NEW YORK (TheStreet) -- Shares of Kinder Morgan (KMI) - Get Report are retreating by 0.63% to $17.32 early Tuesday afternoon, despite oil prices trading in the green.

Crude oil (WTI) is advancing by 1.02% to $48.57 per barrel this afternoon and Brent crude is up by 0.56% to $48.62 per barrel, according to the CNBC.com index.

Oil prices are increasing today as investors wait for U.S. crude inventory data, which is expected to show a declining supply overhang, Reuters reports.

Commercial crude stockpiles in the U.S. likely dropped by about 2.5 million barrels to 538.8 million last week, according to a Reuters poll.
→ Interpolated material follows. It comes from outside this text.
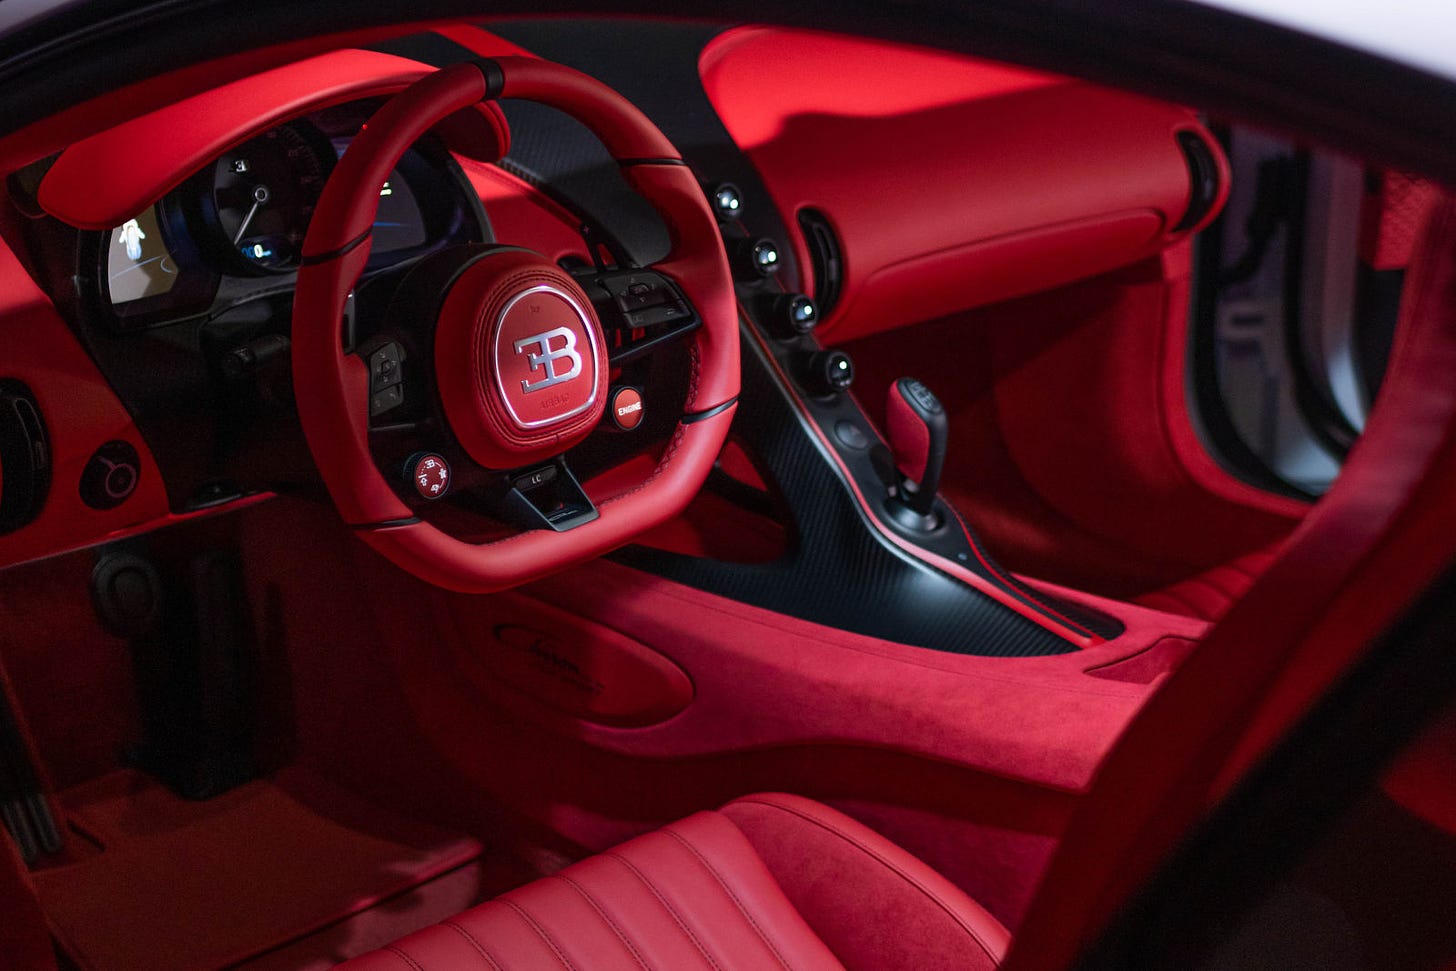 Interior dashboard of Bugatti Chiron (credit: Bugatti pressroom)

The American Petroleum Institute will release data later today, while data from the Energy Information Administration is due out tomorrow.

"I think the market is preparing for the (U.S.) crude stock data today and tomorrow," Andy Sommer, senior energy analyst at Axpo Trading, told Reuters.

Kinder Morgan is a Houston-based energy infrastructure company.

Separately, TheStreet Ratings Team has a "Sell" rating with a score of D+ on the stock.

The company's weaknesses can be seen in multiple areas, such as its generally disappointing historical performance in the stock itself, generally high debt management risk, disappointing return on equity, weak operating cash flow and feeble growth in its earnings per share.

Recently, TheStreet Ratings objectively rated this stock according to its "risk-adjusted" total return prospect over a 12-month investment horizon. Not based on the news in any given day, the rating may differ from Jim Cramer's view or that of this articles's author.